(Work order) What you return must match the listing below character for character, minus any pictures.

(Recorded information)
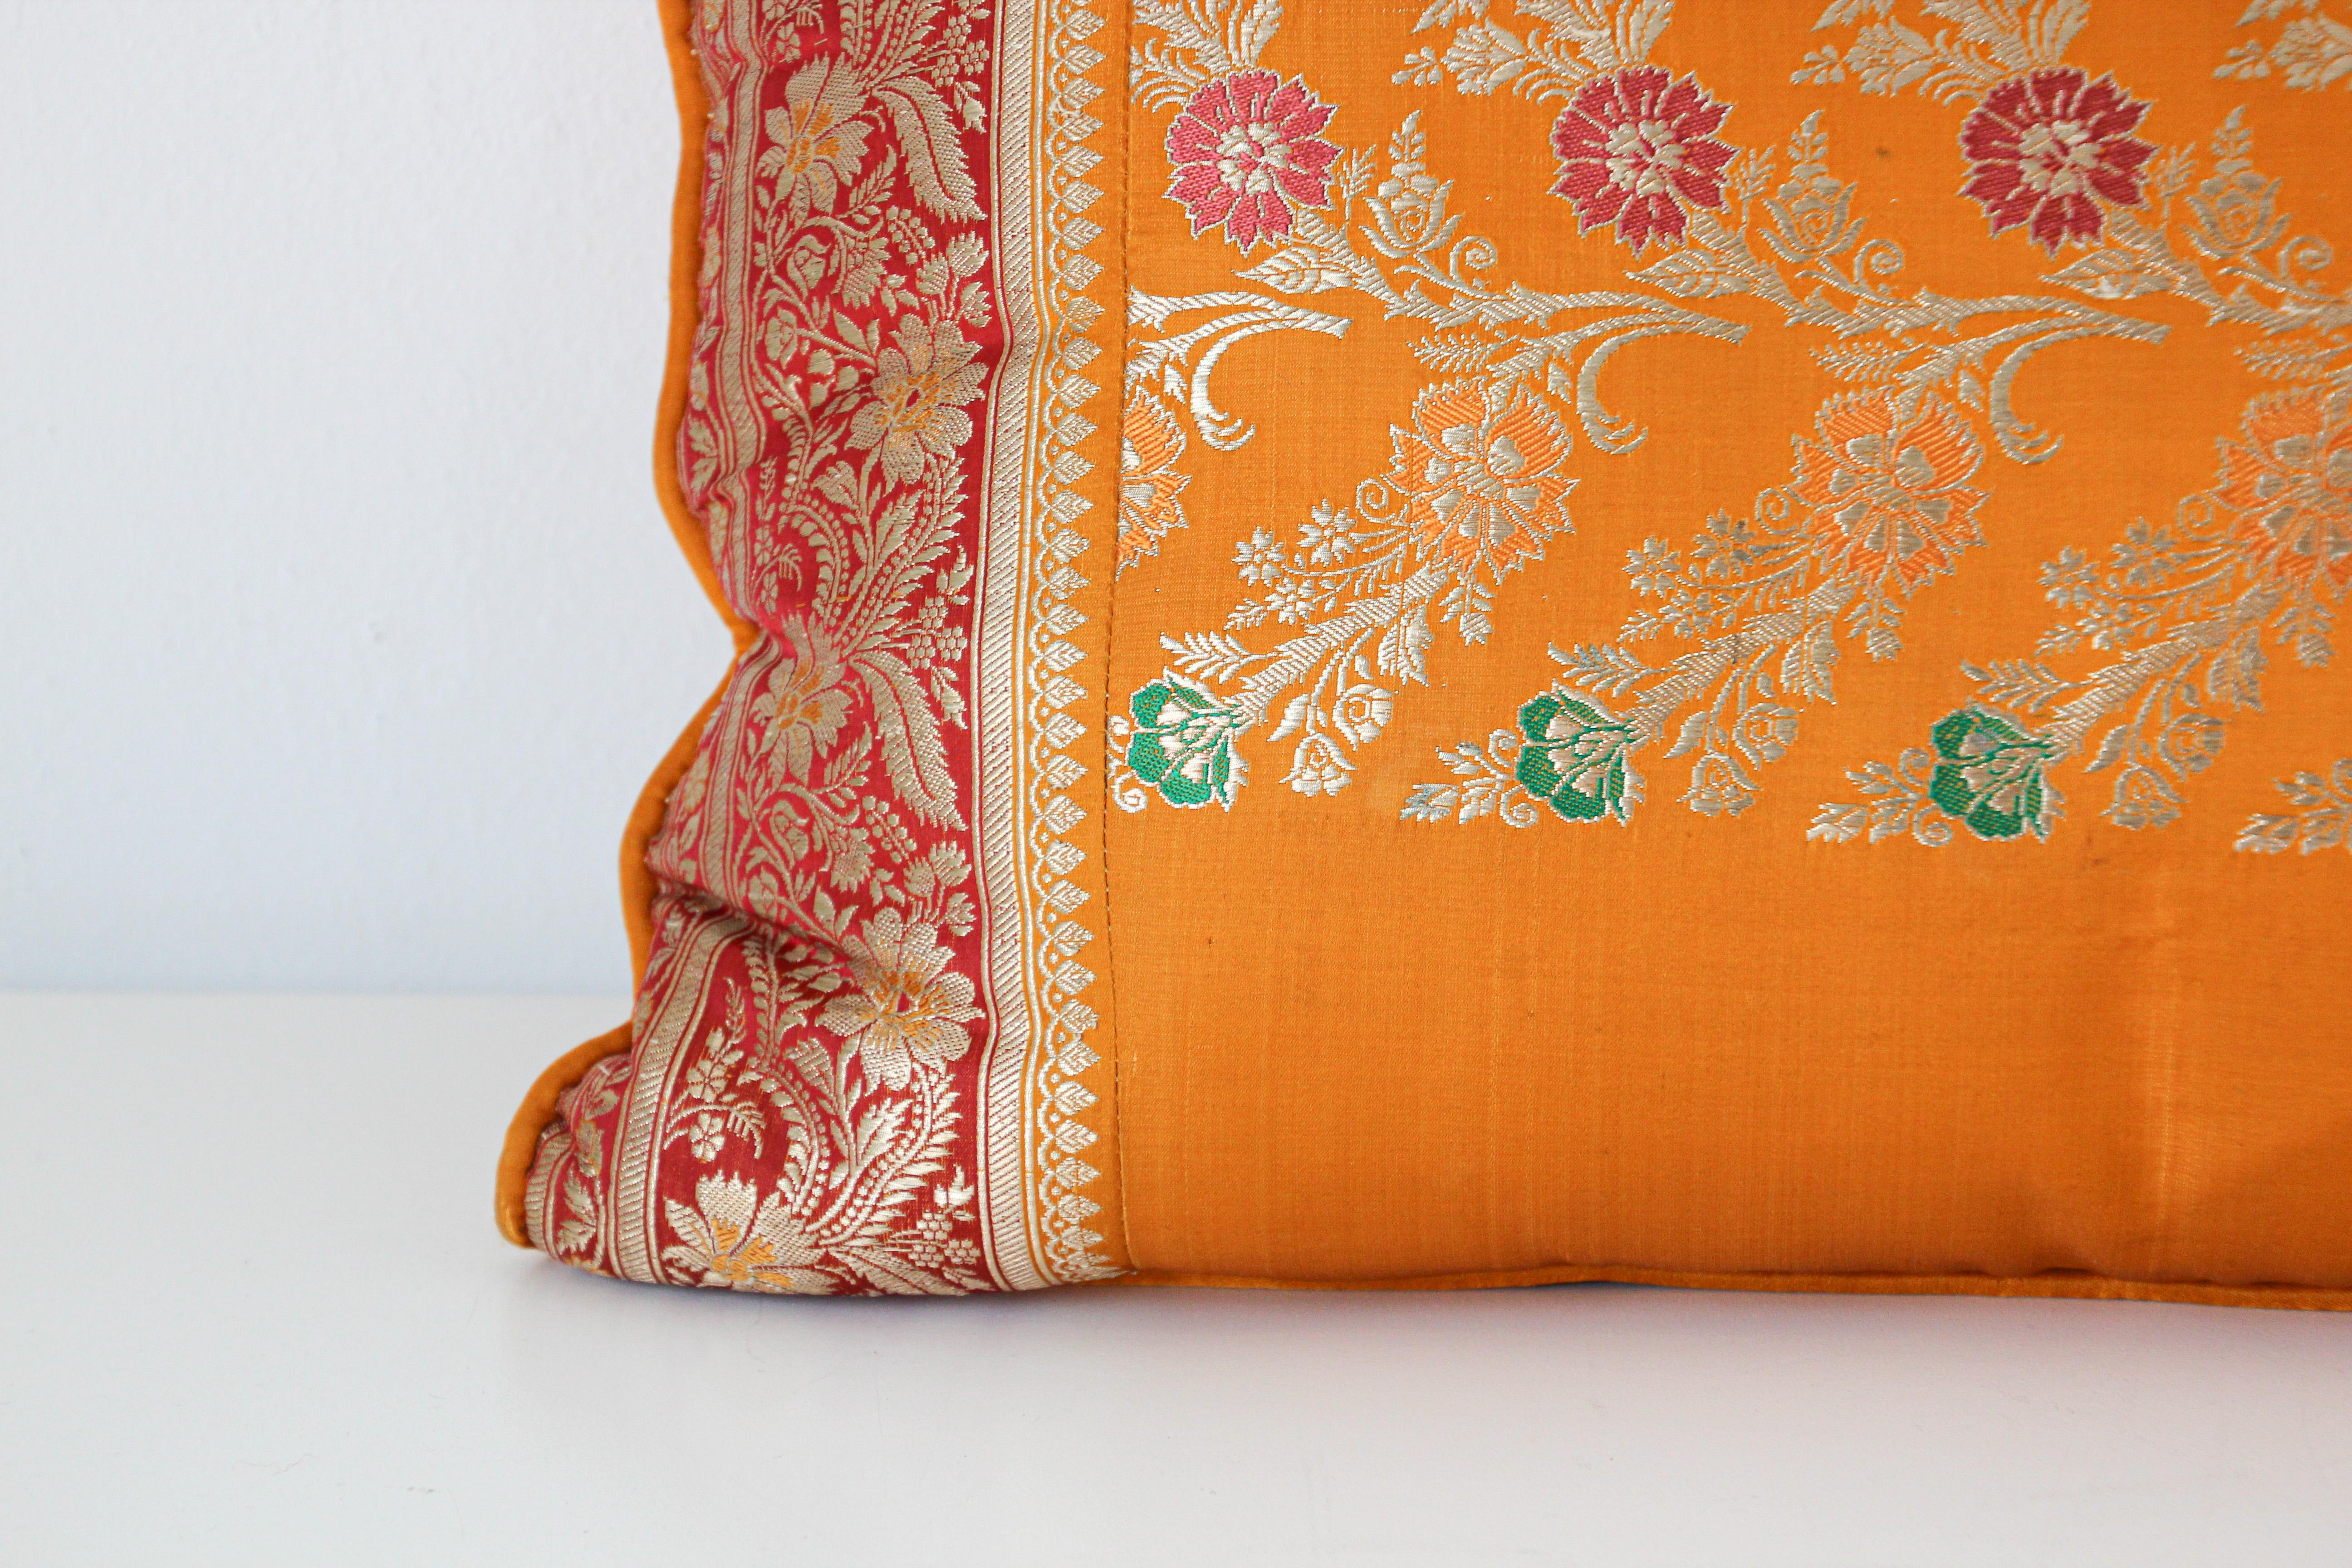 Coussin lombaire en soie fait sur mesure à partir d'un sari de mariage en soie dans les couleurs orange, fushia, or et vert.
Garnitures décoratives torsadées tout autour.
Coussin lombaire décoratif de luxe de style moghol du Rajasthan.
Fabriqué

(Answer to this problem)
 Coussin lombaire en soie fait sur mesure à partir d'un sari de mariage en soie dans les couleurs orange, fushia, or et vert.
Garnitures décoratives torsadées tout autour.
Coussin lombaire décoratif de luxe de style moghol du Rajasthan.
Fabriqué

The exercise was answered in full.